Губы капитана то и дело вздрагивали, словно он собирался что-то сказать. Но Таймер хранил молчание.

Тибор попытался снова представить себе Карла Таймера вместе с его эскортом, когда тот вошел к ним в канцелярию и начал кричать: «Даю вам тридцать минут!..» Нет-нет, это не тот Карли. Забыл даже, как в последний раз они обнимались в Вестбанхофене! Все забыл.

— Вскипятить чай? — спросил он наконец лишь для того, чтобы чем-нибудь разогнать жуткую тишину. И сразу же после его вопроса скованности как не бывало. Казалось, будто они снова сидят в старой студенческой комнатушке, где на книжной полке рядом с томами всемирной истории хранится в железной коробочке душистый чай, завернутый в серебряную бумагу. И стоит картонная коробка, полная тоненьких, сладких сухариков. У них какой-то особый вкус. Инжир? Нет. Ваниль? Корица? Нет-нет, совсем другой вкус. Вкус молодости.

— Спасибо, не надо, — сказал Карл, и его хриплый голос снова превратил комнату в то, чем она была на самом деле: в комнату с полом и белеными стенами, в офицерское жилье, реквизированное Командой аэродромного строительства.

— Тибор, я верил в то, что делал… — произнес Таймер, но так тихо, что Тибор скорее догадался, чем услышал. — Не ради денег или карьеры… Я верил в войну, верил, что после нее все пойдет хорошо… Я думал, что мы правы и выиграем войну…

Кеменеш молчал. Он смотрел в серые глаза Карла Таймера. Сколько разбомбленных деревень, сколько убитых детей видели эти глаза?

Таймер не замечал этого. Бессмысленный взгляд он устремил в окно, на дождливый, хмурый пейзаж. Затем тряхнул головой, как будто желая прогнать какую-то мысль, какое-то воспоминание. Медленно встал, взял со стола фуражку. Губы его снова зашевелились, но он, так ничего и не сказав, повернулся и, не простившись, направился к двери.

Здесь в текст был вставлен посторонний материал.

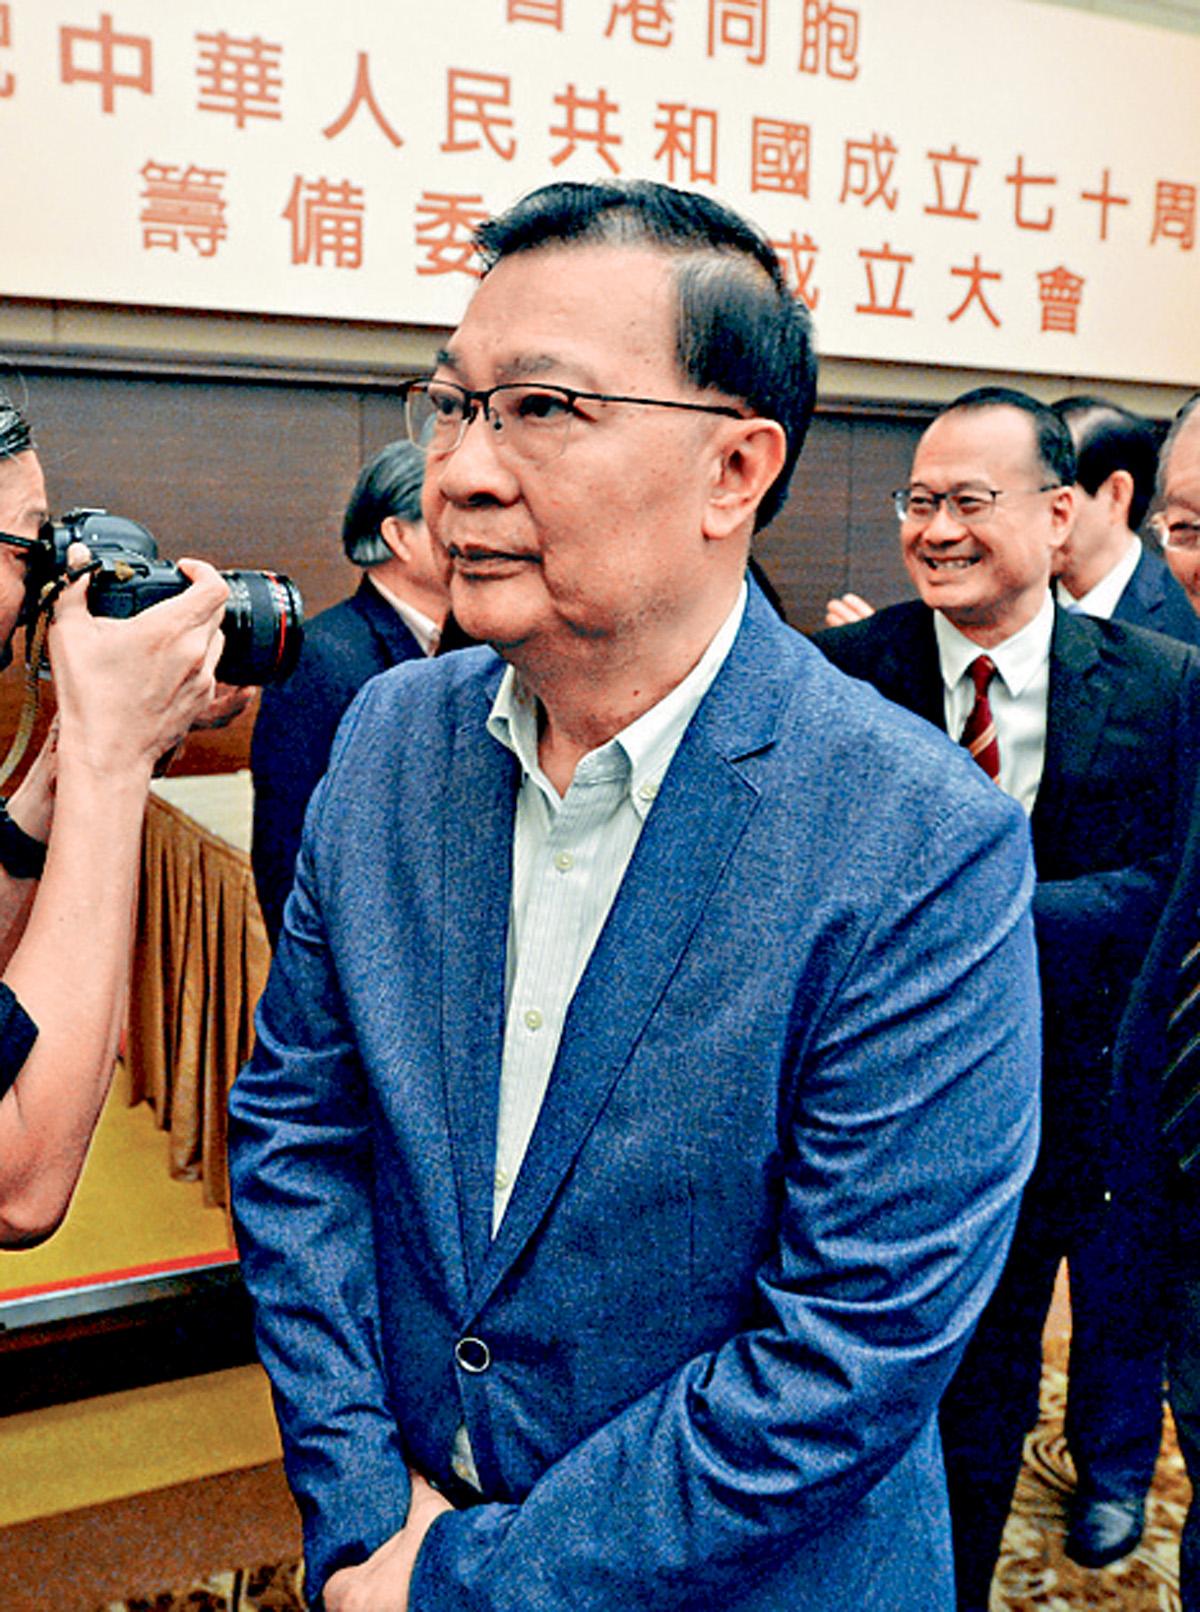 譚耀宗表示,社會毋須再就「撤回」等字眼爭議。
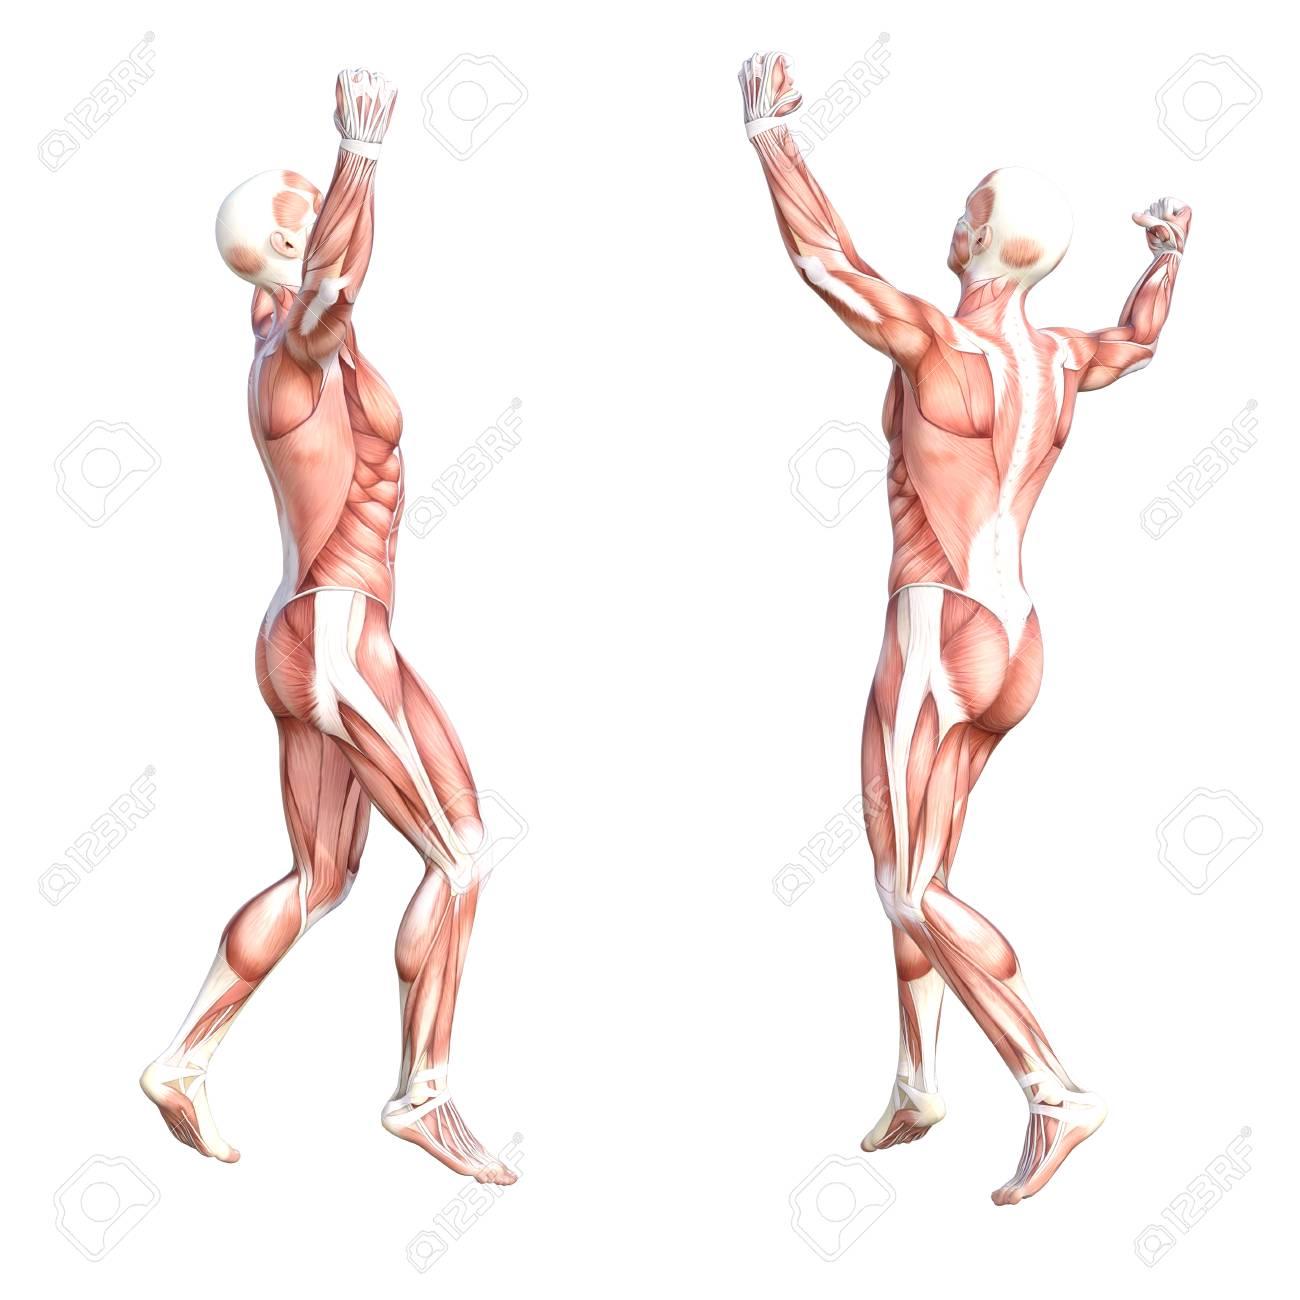 Berühmt Muskelsystem Zusammenfassung Bilder - Menschliche Anatomie ...

«Надо было бы задержать, — подумал Кеменеш, но не находил слов. — Впрочем… пусть идет хоть к черту на рога. Наверное, выпил лишнее, поэтому и захотелось вдруг исповедаться».

Но, когда за Таймером захлопнулась дверь, какое-то гнетущее чувство сдавило Кеменешу горло, и боль спускалась все ниже и ниже, к сердцу.

«Он вернется, — подумал Тибор и принялся расхаживать по комнате. Вскоре он остановился, подошел к радиоприемнику, повертел ручку, взял в руки книгу и тут же отбросил ее в сторону. — Из него вышел отъявленный нацист… А был когда-то моим самым лучшим другом».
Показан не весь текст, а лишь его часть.